If you’d told me a year ago I’d be waking up at the crack of dawn and still feel as content as I do right now, I’d laugh and blame it on bad mushrooms in my ravioli.

It’s no mushroom, I muse as I rest my hand over my swollen belly. It’s restless leg syndrome, frequent potty breaks, and my mind swirling a mile a minute with my due date looming.

That and .?.?. today.

It’s the one-year anniversary of Millie’s accident. The day Dallas lost the woman he loved. The day he wanted to be buried alongside her.

After our wedding night—the night we conceived this baby over by the oak tree—I’ve never doubted his love for me. Or what he’s proven every day since—that we were meant to be.

Despite that, there’s no doubt he’s hurting today. I just worry how badly.

Seeing movement from the side of the house, I catch sight of him riding up on Trouble.

A grin tugs at my lips as I grab my sunhat and coffee and step out onto the back porch.

He catches me watching, a guilt-ridden expression on his face until he sees my smile.

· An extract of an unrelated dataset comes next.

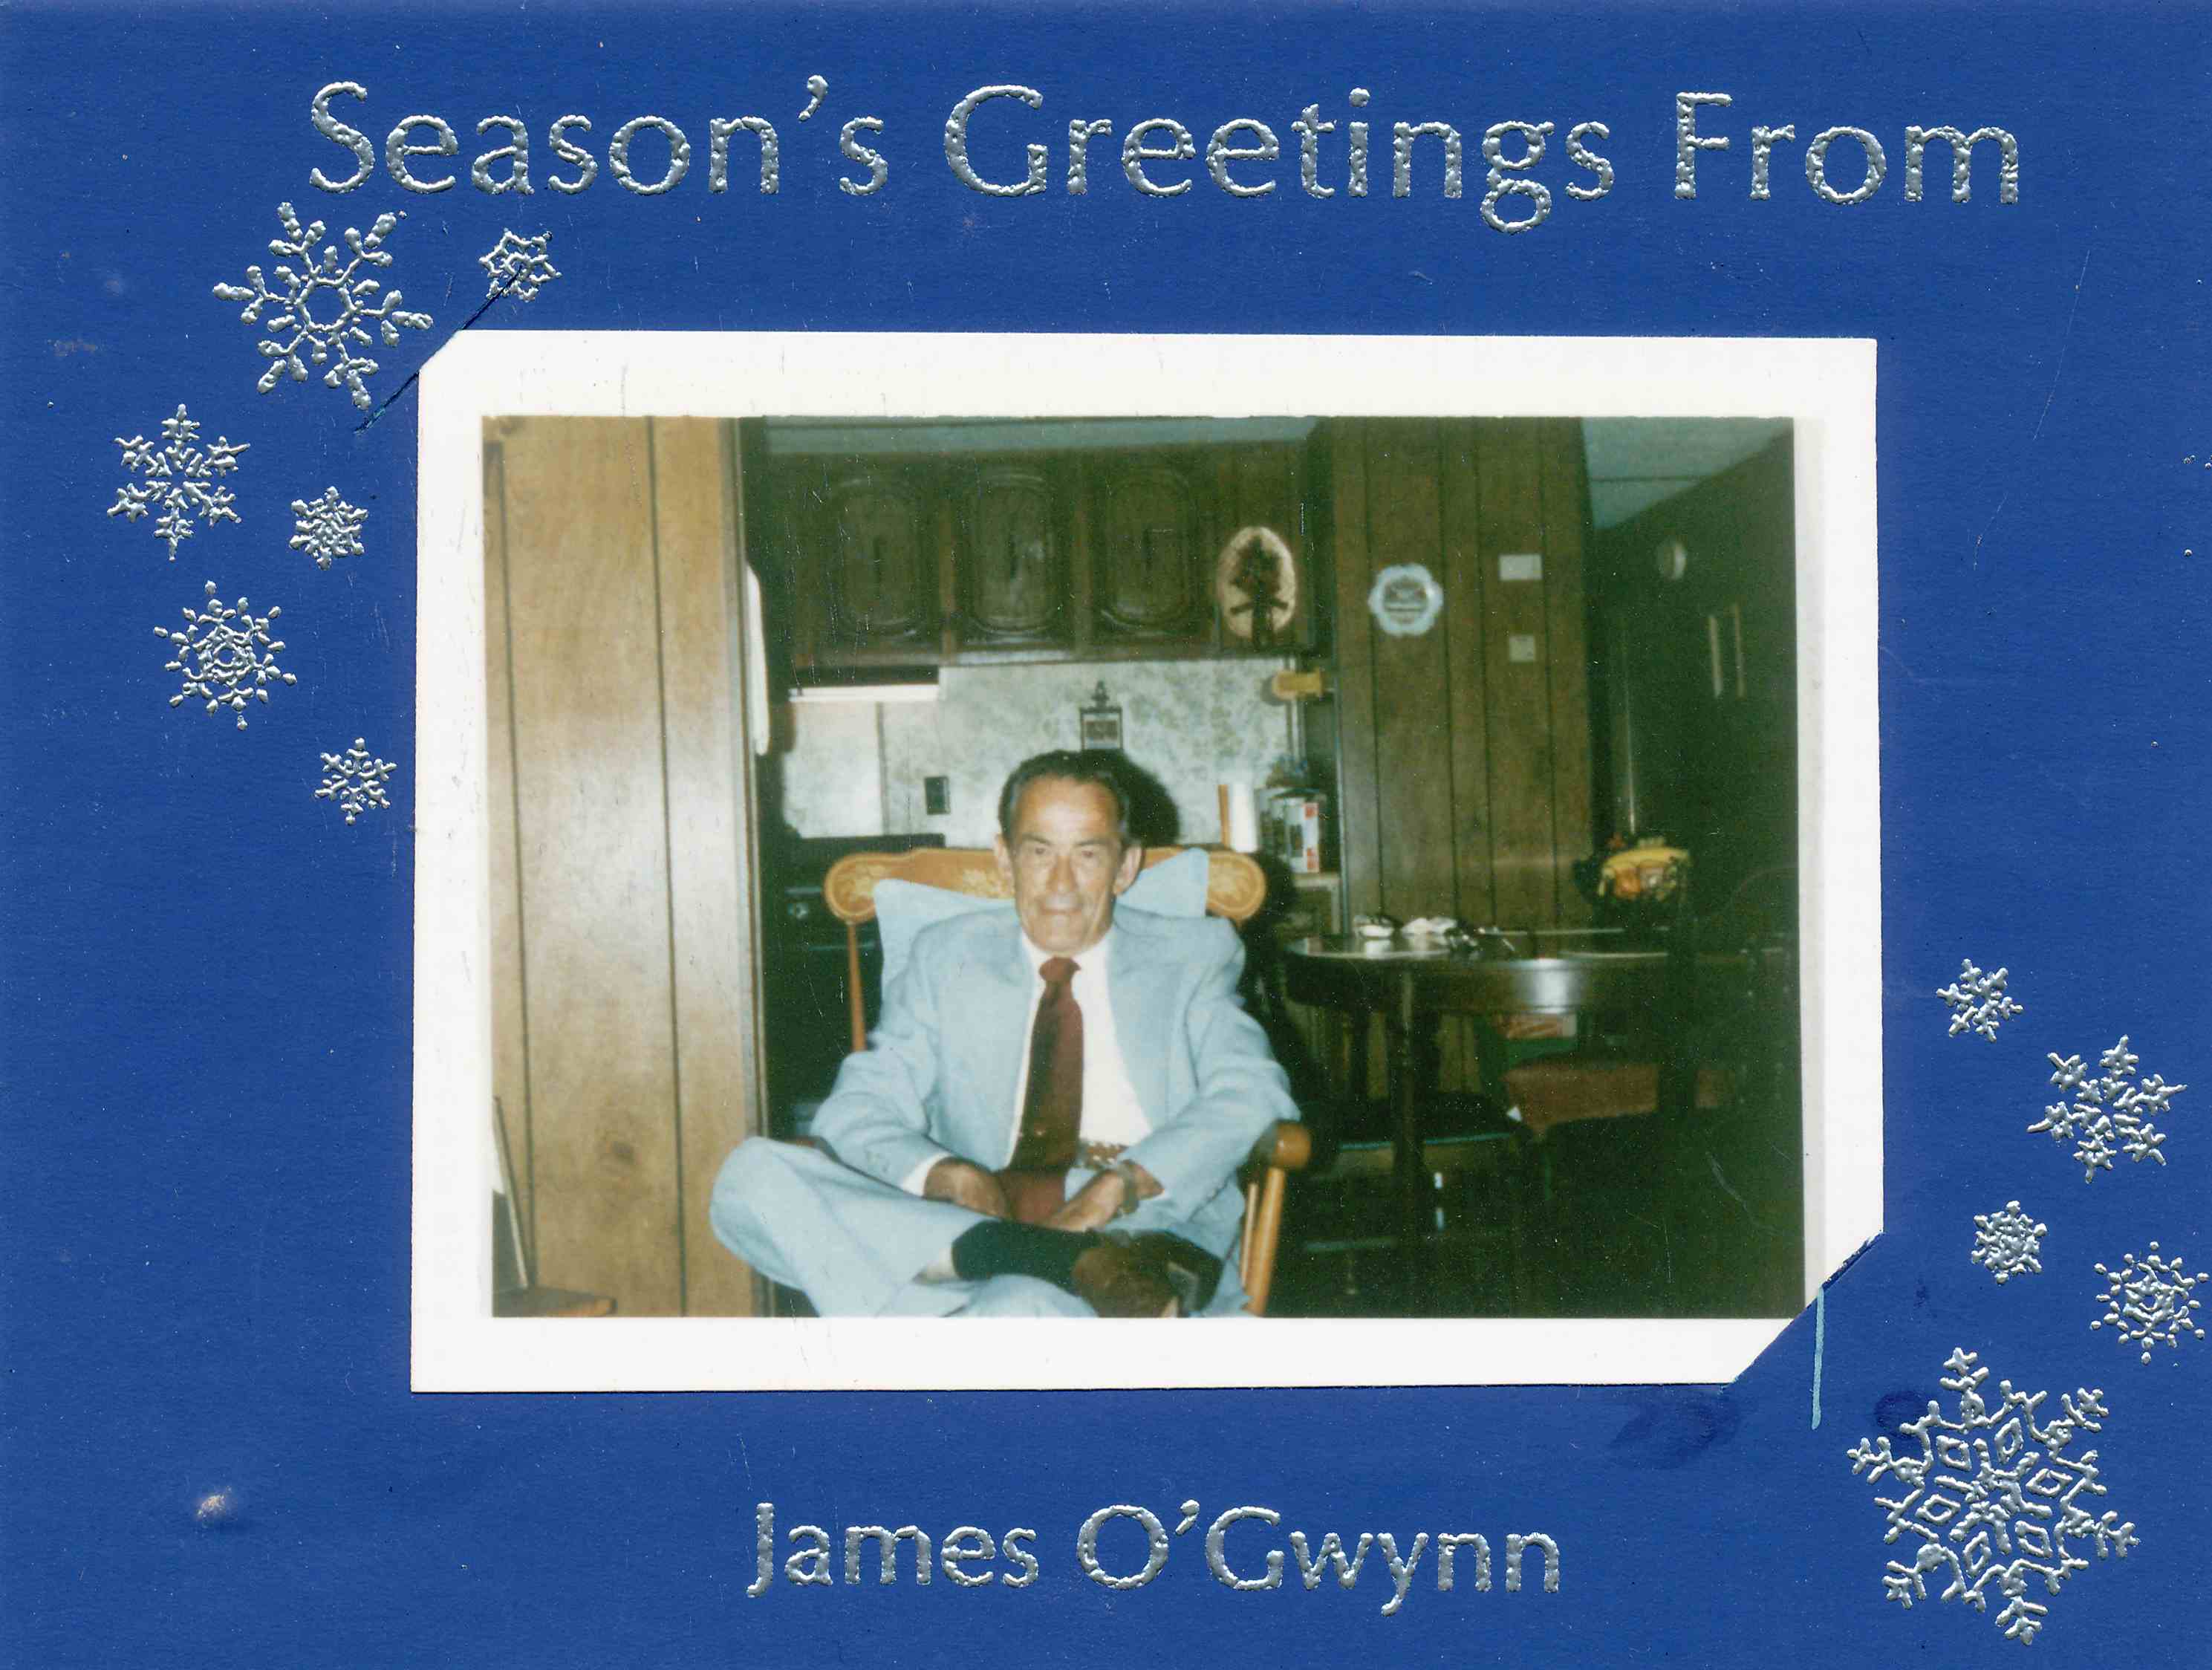 James O'Gwynn 1987

Tension easing instantly, he hops off and comes to me, looking up from the bottom steps.

“Morning, beautiful.”

I lean against the rail, my eyes shifting to his dark horse. “When you going to teach me to ride?”

His eyes dip to my belly and he pulls off his leather gloves, shoving them in his back pocket as he slowly climbs up the steps.

“When I’m OK with you riding without me pressed against your back.”

I perk a brow. “When will that be?”

He leans down with a soft kiss to my cheek. “Wouldn’t hold my breath.”

A shiver runs down my spine as he presses a kiss beneath my jaw.

He pulls back, hand still warm against my neck. That guilt back in his eyes as they meet mine. “Hopin’ to be back before you got up.” His thumb brushes over the curve of my stomach. “Restless again?”

I cock my head at him, reminding him that today isn’t about me. “Dallas.”

He shakes his head lightly, his voice hoarse. “I’m all right.” Then kisses my forehead. “I promise.” He steps around me and leans against the porch fence, looking out along the horizon.

I shift to stand beside him, pressing my shoulder against his and following his gaze.

“Haven’t been to her grave in .?.?. I don’t know, months. Brought her some roses. White. She was no simple woman, I’ll tell you that. But she liked white.”

“You could’ve stayed longer, you know?”

His eyes meet mine, stormy and conflicted.

I shrug, feeling helpless to offer him much comfort other than letting him know I’m here for him. “Didn’t have to slip out so early, either.”

“I know.” He slips an arm around me and I lean into him, that woodsy smell wrapping around me. “Stood there .?.?. looking down at the grave I once wished I was buried in .?.?. and could only think of you.”

My brows furrow but I twist my chin up.

He lets out a breath, almost a laugh, running a thumb against my jaw. “Pictured you pullin’ me out. Bringing me back to life. Just like you did the day I found you here.”

My heart melts and breaks at the same time. He swipes a tear I didn’t realize had fallen down my cheek. “She would have loved it here, Dallas.”

He brushes strands of hair from my face. “Maybe for a while.”